I think I'm going to be in trouble for sneaking out last night. My Dad saw me drive up this morning when he was leaving early for work.
What'd you say?
I told him I was sleep driving
I got to see an enormous amount of vagina this morning.
So I'm really hungover walking to work and these douches from comcast on bikes ask if they can take a picture with me to show that they're doing their job. The picture: me, this chick from comcast, i'm holding a 2 ft. pixie stick, a comcast flyer and i'm puking in the parking lot. sounds like their doing a good job!
Had to use Google translator to be able to tell the cleaning lady not to throw away the condoms we have strategically placed throughout the house.

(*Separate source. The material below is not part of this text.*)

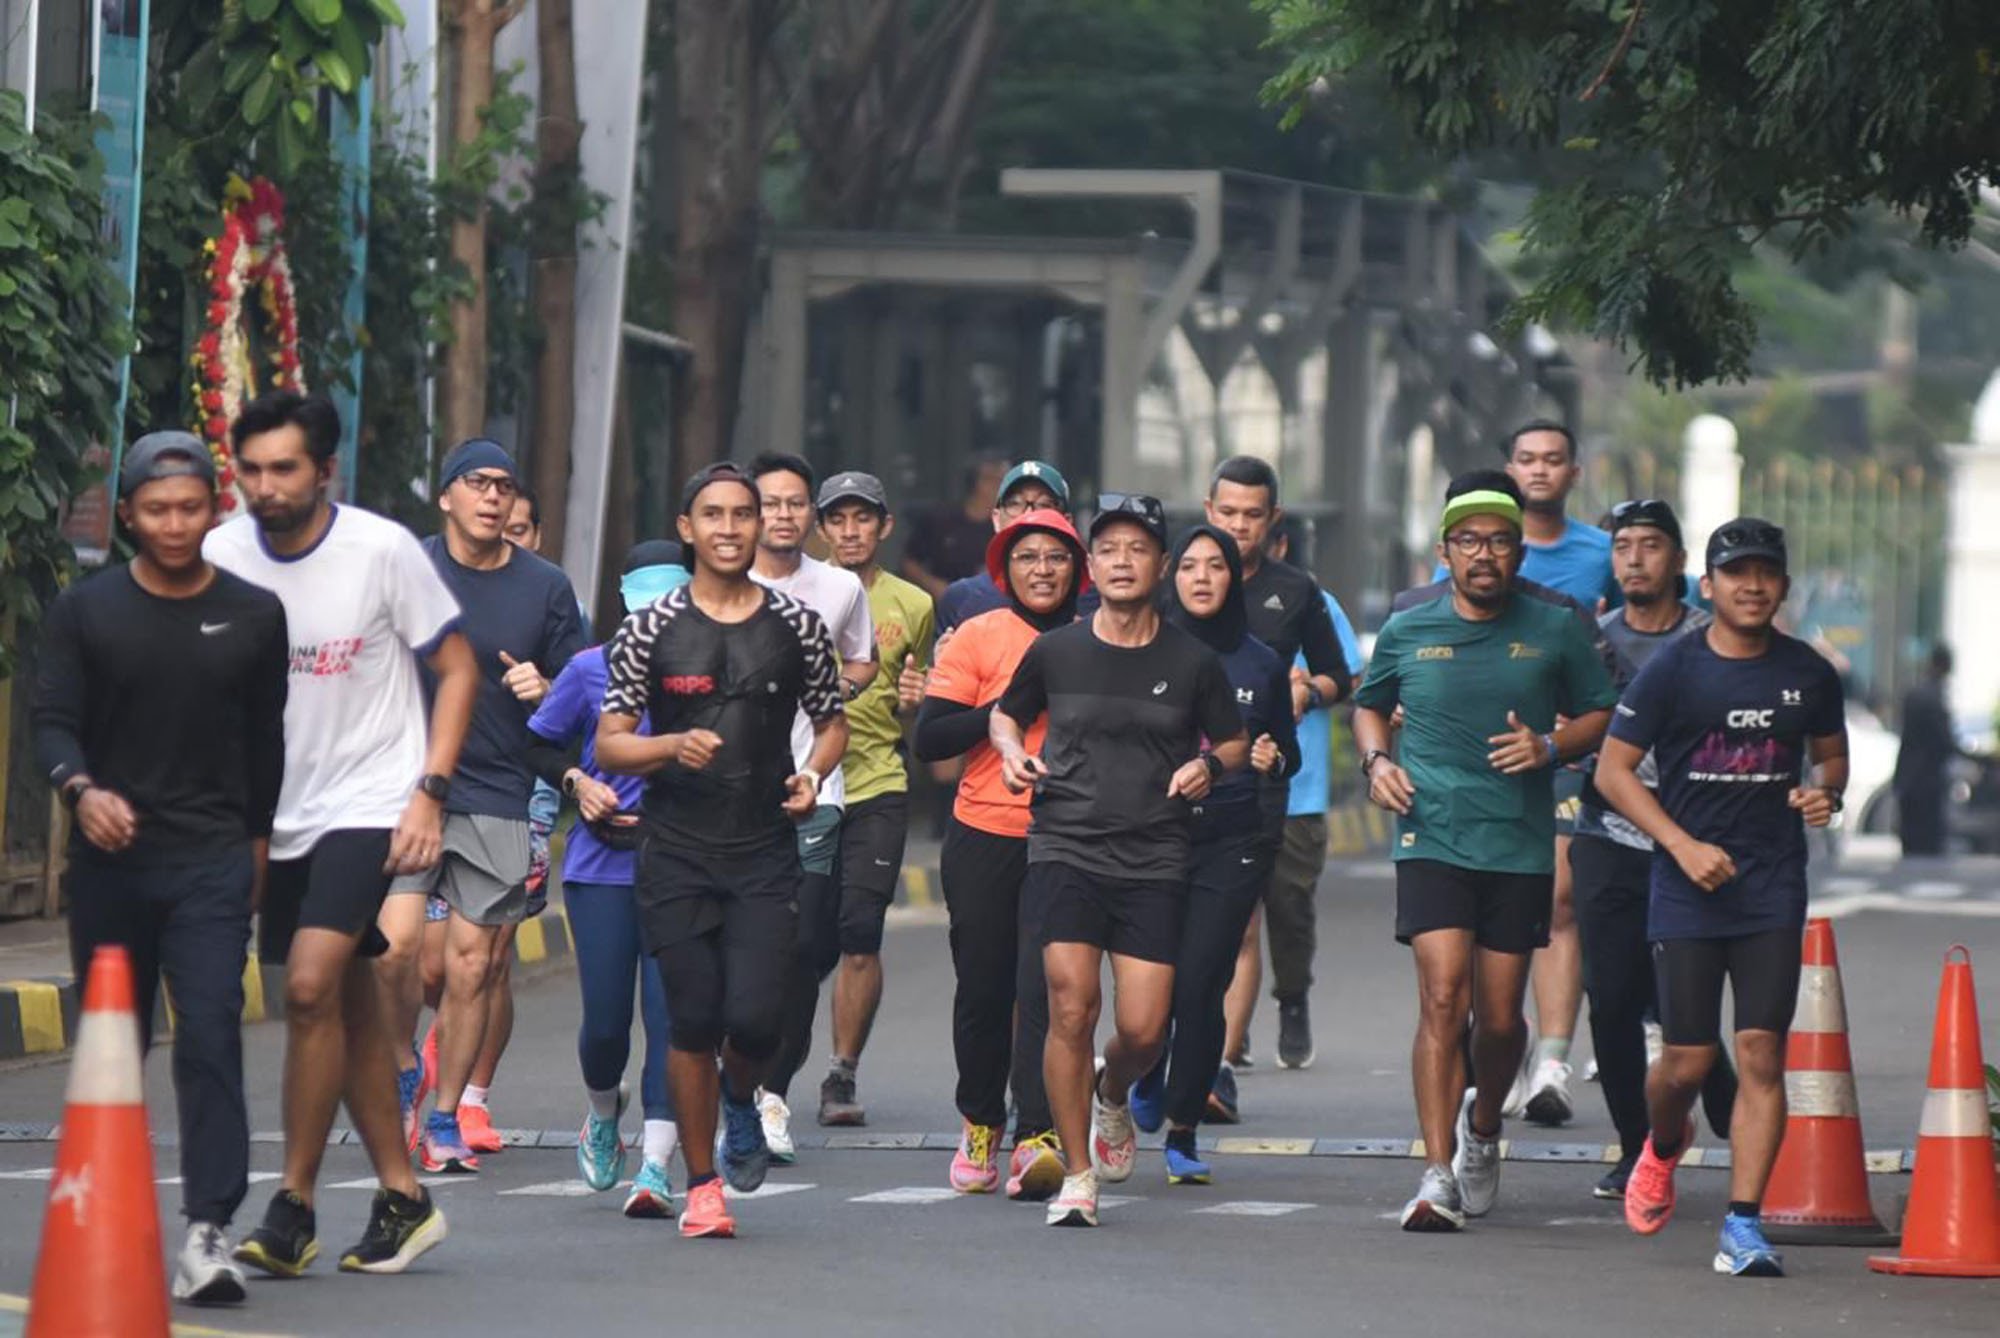 FRI RUN, Pertamina Ajak Seluruh Perwira Agar Lebih Sehat dengan Olahraga Lari

We decided to play beer pong where the loser had to beer bong a pitcher of beer...people just started losing on purpose. It was a bad idea.
Come back. She's looking through naked pics of his exes on his phone and questioning him about them and I'm too drunk to walk away.
I think that's the first time Navy dress blues and a Ninja Turtles onesie have been involved in the same makeout.
The girl in the stall next to me is puking her brains out, I'd say she had just a good a weekend as us
I gave her some alkaseltzer ad she looked at me lke I was god
When do you want to get tanked and forget our entire college education?
How dare you question the sanctity of Chocolate-and-Porn day
Had to leave my skype meeting to vomit. I'm obviously ready for the real world.
if he ever tells me he loves me when we are sober, i am a goner. just fyi.
He caught a Pokemon on my head while I sucked him off. I think I need to marry him.
I'm drunk and kinda wanna go home but now I have to go have more sex, my boxers are in the dryer
He made me pay for half of dinner. Fucking feminist revolution.